[Data block]
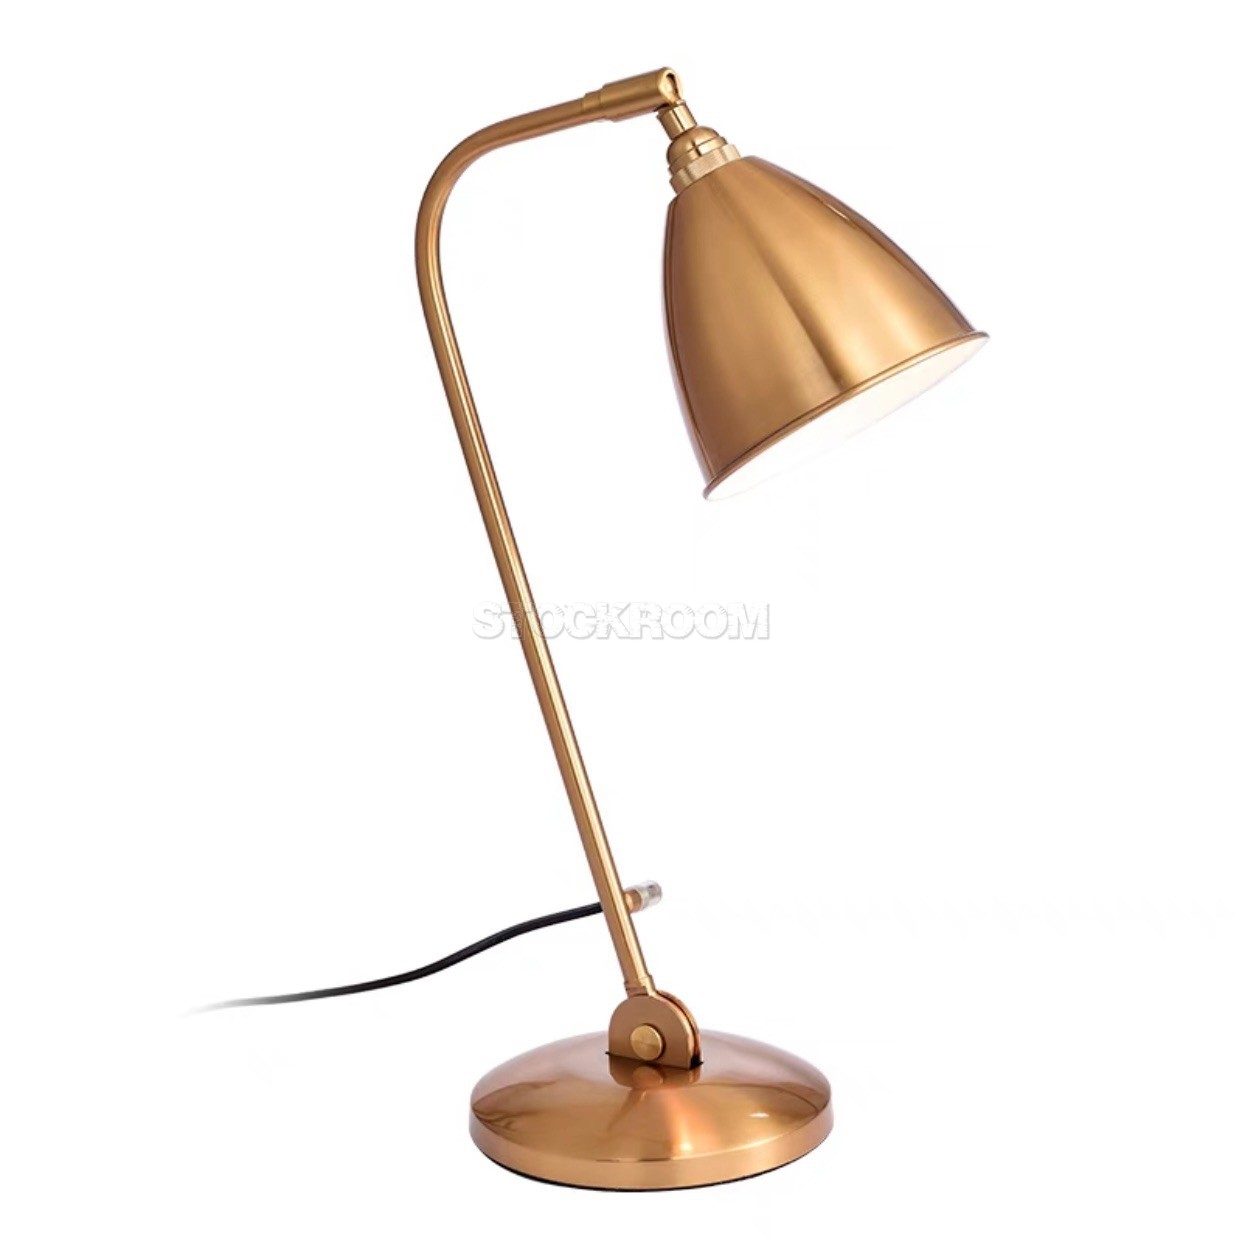 Bestlite Style Table Lamp
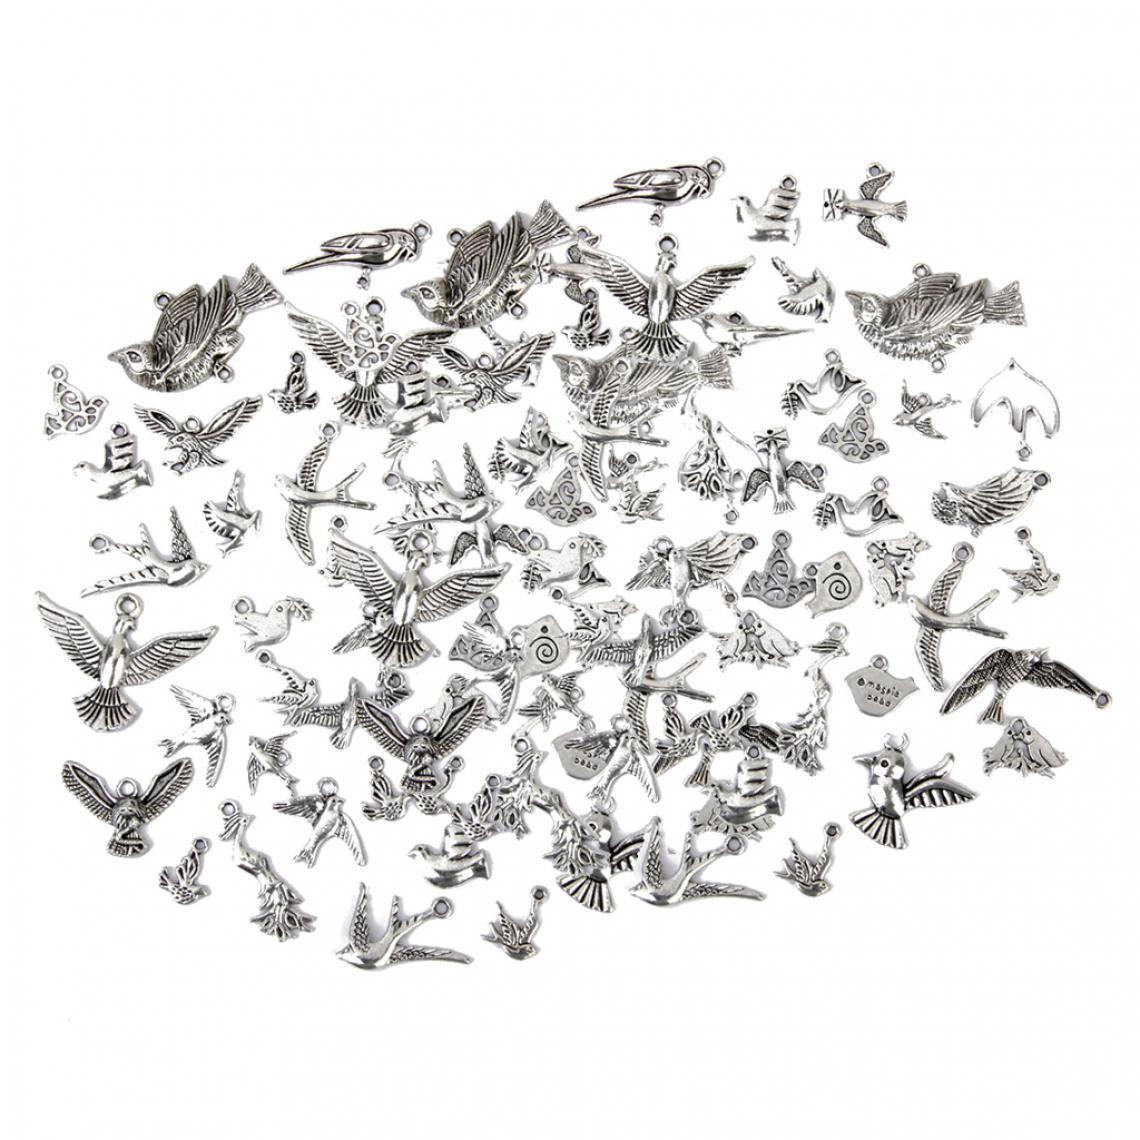 marque generique - 100 Pièces Multi-usages Oiseaux Assortis Bijoux Pendentif Breloque Bricolage Collier Bracelet Porte-clés Accessoires - Perles
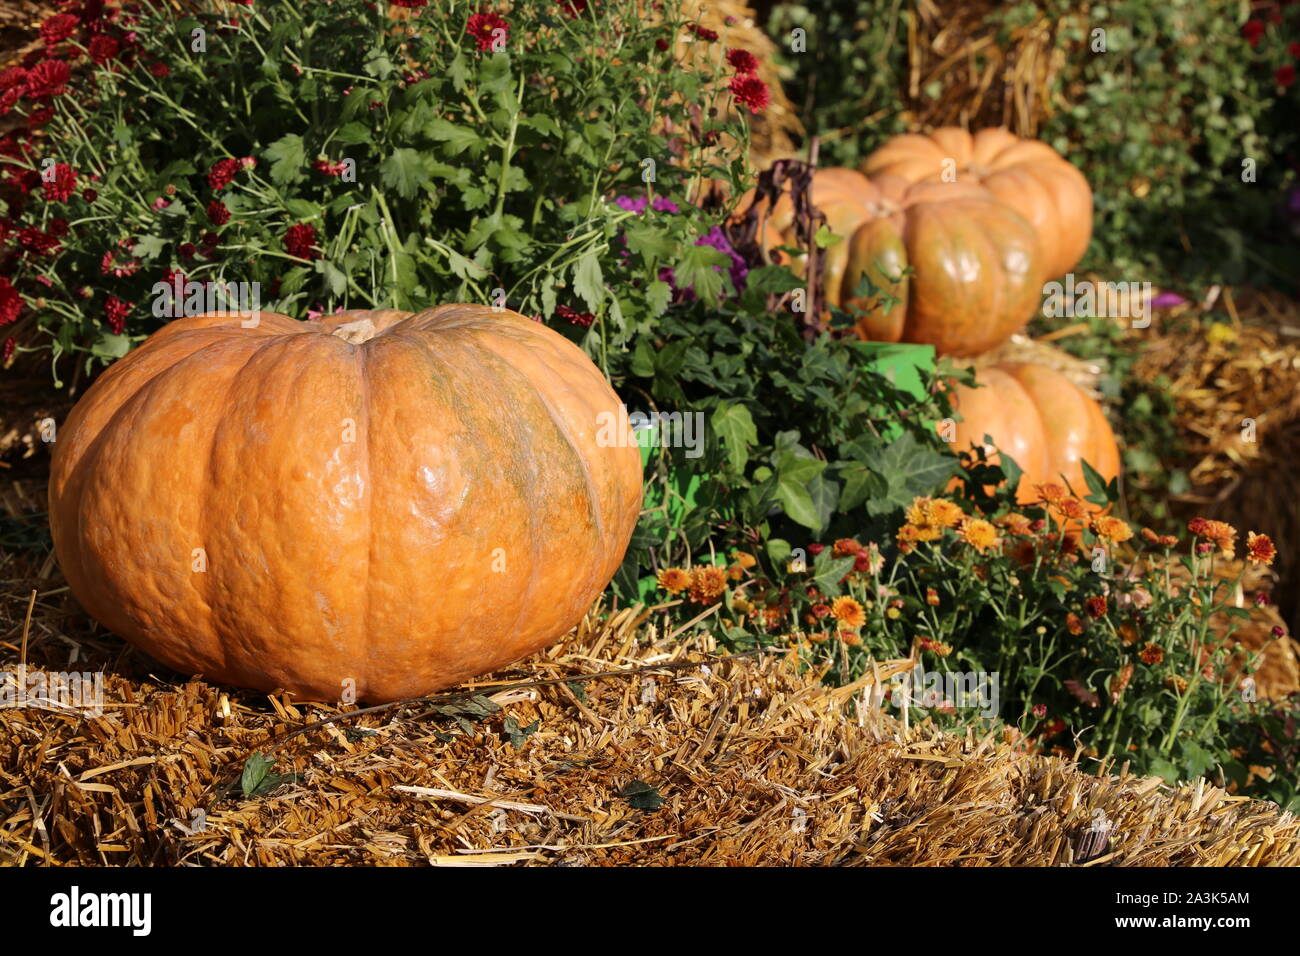 La decoración en el día de acción de gracias, el otoño de la cosecha. Las calabazas de color naranja en la paja y el heno con flores. Foto de stock
[/Data block]
### Activity:
Set the preceding data down again word for word, omitting images.

### Expected answer:
 Bestlite Style Table Lamp
 marque generique - 100 Pièces Multi-usages Oiseaux Assortis Bijoux Pendentif Breloque Bricolage Collier Bracelet Porte-clés Accessoires - Perles
 La decoración en el día de acción de gracias, el otoño de la cosecha. Las calabazas de color naranja en la paja y el heno con flores. Foto de stock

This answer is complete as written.